Ich hatte einst das große Glück den heute pensionierten Direktor dieses Museums persönlich kennenzulernen. Es brannte mir dabei eine Frage auf den Lippen, die mir bis dahin niemand beantworten konnte. Ich wollte unbedingt wissen, ob man denn in den römischen Bädern von Bath heute noch baden könne. Mit einem verschmitzten Lächeln antwortete er mir folgendes: gerne würde er mich einmal ganz heimlich hineinlassen und ich dürfe auch gerne einmal baden. Vorher aber müsse ich ihm unterschreiben, daß ich ihn nicht verklagen würde, falls ich von den alten römischen Leitungen eine Bleivergiftung bekommen würde.

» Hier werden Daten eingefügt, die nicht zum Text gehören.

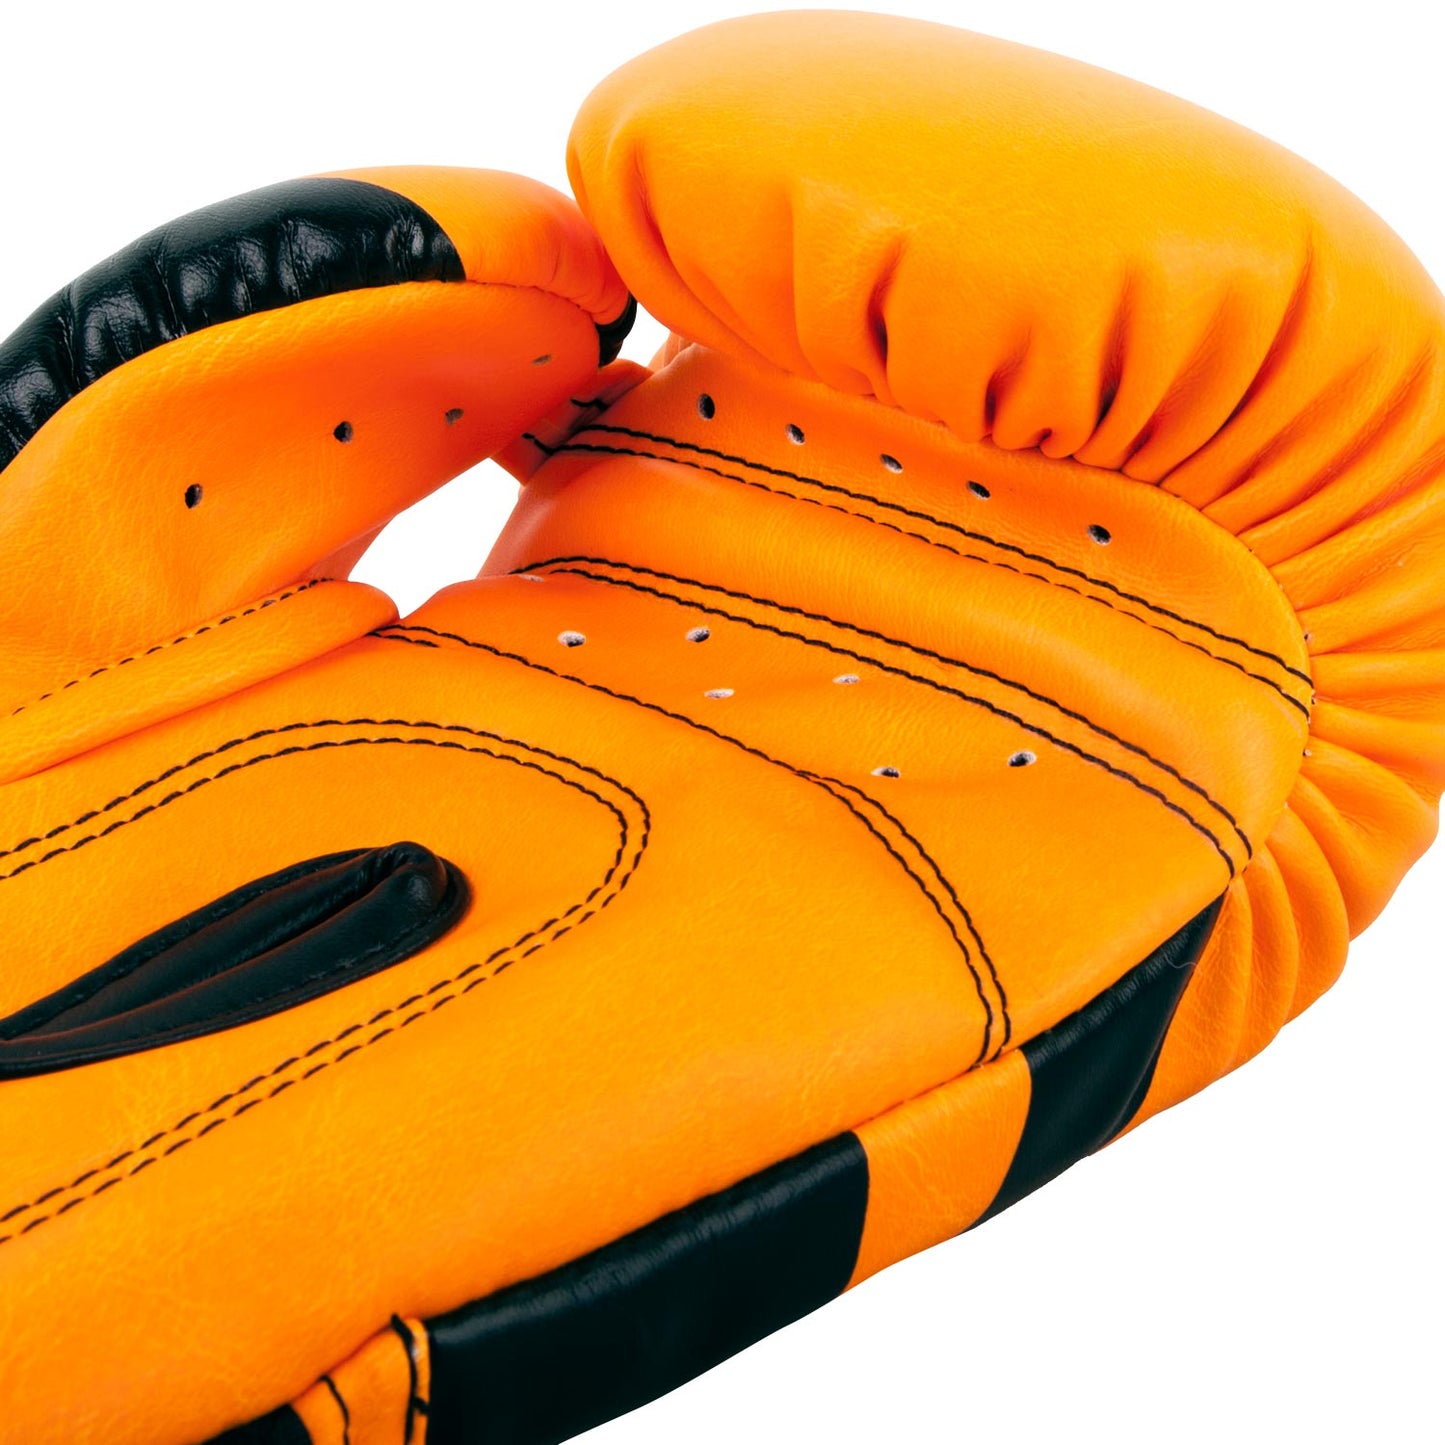 Venum Elite Boxing Gloves Kids - Exclusive - Fluo orange

Denn das Wasser, das so herrlich grün in diesem großen Bad sei, habe diese Farbe von den 2000 Jahre alten Bleileitungen, die leider schon zu römischer Zeit zu Bleivergiftungen geführt hätten.

Meiner Verehrung für die Göttin Sulis Minerva hat diese Offenbarung keinen Abbruch getan und so werfe ich bei jedem Besuch eine Münze in das Wasser der Göttin. Meinen Wunsch kann ich auch gerne verraten, denn schließlich war das auch bei den Kelten und den Römern kein Geheimnis: Ich wünsche mir, daß ich sie wiedersehe, die römischen Bäder von Bath und diese wunderschöne und gnädige Göttin Sulis Minerva, die der Stadt Bath seit mehr als 3000 Jahren das Wunder des heilenden Wassers geschenkt hat!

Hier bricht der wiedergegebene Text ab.